如何在R中计算我的csv文件中特定单词的频率?

时间:2018-06-28 09:11:24

标签: r tm

我的csv文件中只有评论(仅行无列)。我想计算csv文件中单词的频率,例如“爱”之类的单词。我不想每个单词都出现频率。我只希望这三个单词出现在csv文档中多少次。  我已经尝试过这些代码,但是它给了我我不想使用的每个单词的频率。 谁能帮助我计算特定单词或特定单词列表的频率?

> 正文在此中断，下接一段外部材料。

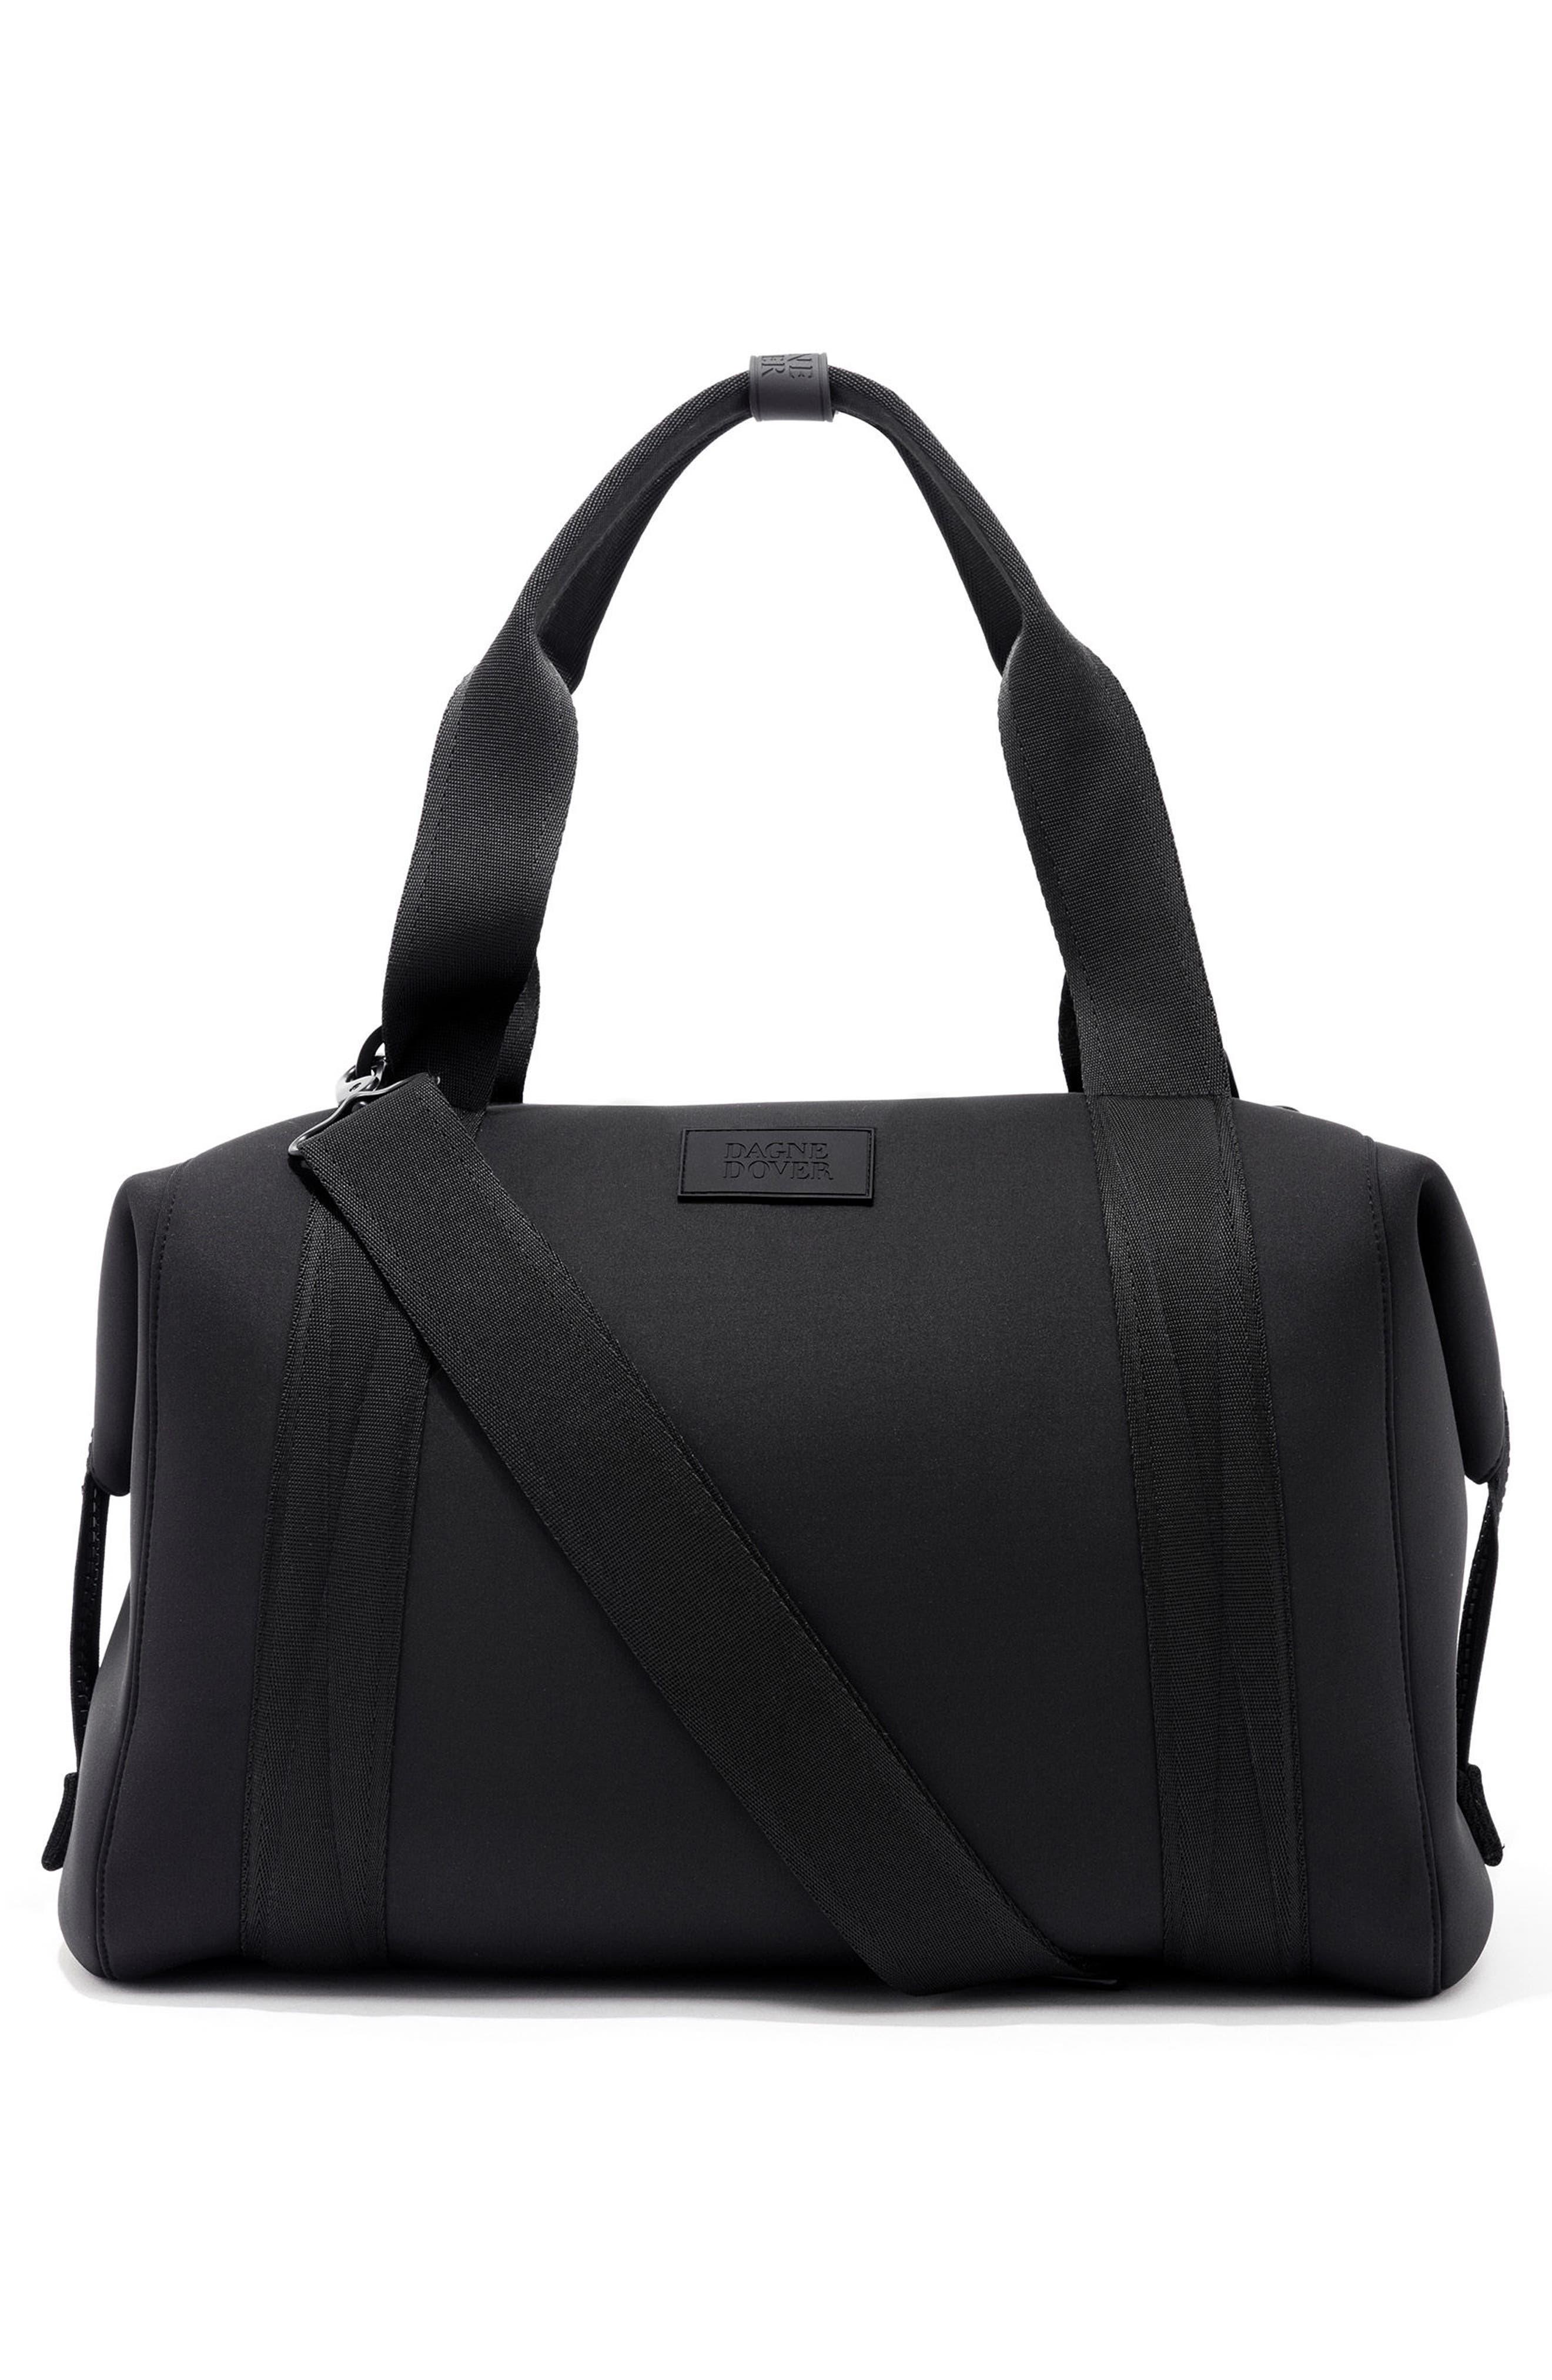 365 Large Landon Neoprene Carryall Duffel Bag,                             Alternate thumbnail 19, color,

texts <- read.csv("./Data/fast food/Domino's/Domino's veg pizza.csv",stringsAsFactors = FALSE)
    docs <- Corpus(VectorSource(texts))
    toSpace <- content_transformer(function (x , pattern ) gsub(pattern, " ", x))
    docs <- tm_map(docs, toSpace, "/")
    docs <- tm_map(docs, toSpace, "@")
    docs <- tm_map(docs, toSpace, "\\|")
    docs <- tm_map(docs, content_transformer(tolower))
    docs <- tm_map(docs, removeNumbers)
    docs <- tm_map(docs, removeWords, stopwords("english"))
    docs <- tm_map(docs, removeWords, c("blabla1", "blabla2")) 
    docs <- tm_map(docs, removePunctuation)
    docs <- tm_map(docs, stripWhitespace)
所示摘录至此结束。